A stretch of the entries below is to be set down exactly, running from the line with "Cross-Platform Evaluation of" through the line with "Dos siglos de", both included, and no other line.

*** Opening DATA RECORDS ***

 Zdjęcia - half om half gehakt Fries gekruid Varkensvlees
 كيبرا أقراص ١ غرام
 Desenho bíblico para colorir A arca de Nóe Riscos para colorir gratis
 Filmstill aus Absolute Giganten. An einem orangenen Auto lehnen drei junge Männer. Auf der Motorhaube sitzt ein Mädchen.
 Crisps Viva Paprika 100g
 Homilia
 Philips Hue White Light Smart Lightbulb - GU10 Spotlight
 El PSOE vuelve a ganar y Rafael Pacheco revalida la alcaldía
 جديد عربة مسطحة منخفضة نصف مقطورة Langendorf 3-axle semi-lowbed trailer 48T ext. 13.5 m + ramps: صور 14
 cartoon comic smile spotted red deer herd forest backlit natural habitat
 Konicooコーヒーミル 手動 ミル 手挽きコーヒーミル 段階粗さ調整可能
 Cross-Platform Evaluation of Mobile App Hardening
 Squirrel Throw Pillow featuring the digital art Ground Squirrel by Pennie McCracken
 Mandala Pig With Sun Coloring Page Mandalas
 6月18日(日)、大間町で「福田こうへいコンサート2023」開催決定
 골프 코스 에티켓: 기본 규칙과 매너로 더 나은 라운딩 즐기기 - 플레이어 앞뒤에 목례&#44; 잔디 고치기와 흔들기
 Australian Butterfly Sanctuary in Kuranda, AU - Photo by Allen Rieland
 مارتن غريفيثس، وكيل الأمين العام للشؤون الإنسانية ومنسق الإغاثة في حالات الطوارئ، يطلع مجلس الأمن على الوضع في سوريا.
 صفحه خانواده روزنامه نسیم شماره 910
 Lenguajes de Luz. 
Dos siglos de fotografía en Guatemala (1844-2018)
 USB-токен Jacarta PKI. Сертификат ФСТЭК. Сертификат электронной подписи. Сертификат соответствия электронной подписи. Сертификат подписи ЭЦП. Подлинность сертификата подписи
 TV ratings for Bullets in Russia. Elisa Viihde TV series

*** Closing DATA RECORDS ***

#### [REPLY]
 Cross-Platform Evaluation of Mobile App Hardening
 Squirrel Throw Pillow featuring the digital art Ground Squirrel by Pennie McCracken
 Mandala Pig With Sun Coloring Page Mandalas
 6月18日(日)、大間町で「福田こうへいコンサート2023」開催決定
 골프 코스 에티켓: 기본 규칙과 매너로 더 나은 라운딩 즐기기 - 플레이어 앞뒤에 목례&#44; 잔디 고치기와 흔들기
 Australian Butterfly Sanctuary in Kuranda, AU - Photo by Allen Rieland
 مارتن غريفيثس، وكيل الأمين العام للشؤون الإنسانية ومنسق الإغاثة في حالات الطوارئ، يطلع مجلس الأمن على الوضع في سوريا.
 صفحه خانواده روزنامه نسیم شماره 910
 Lenguajes de Luz. 
Dos siglos de fotografía en Guatemala (1844-2018)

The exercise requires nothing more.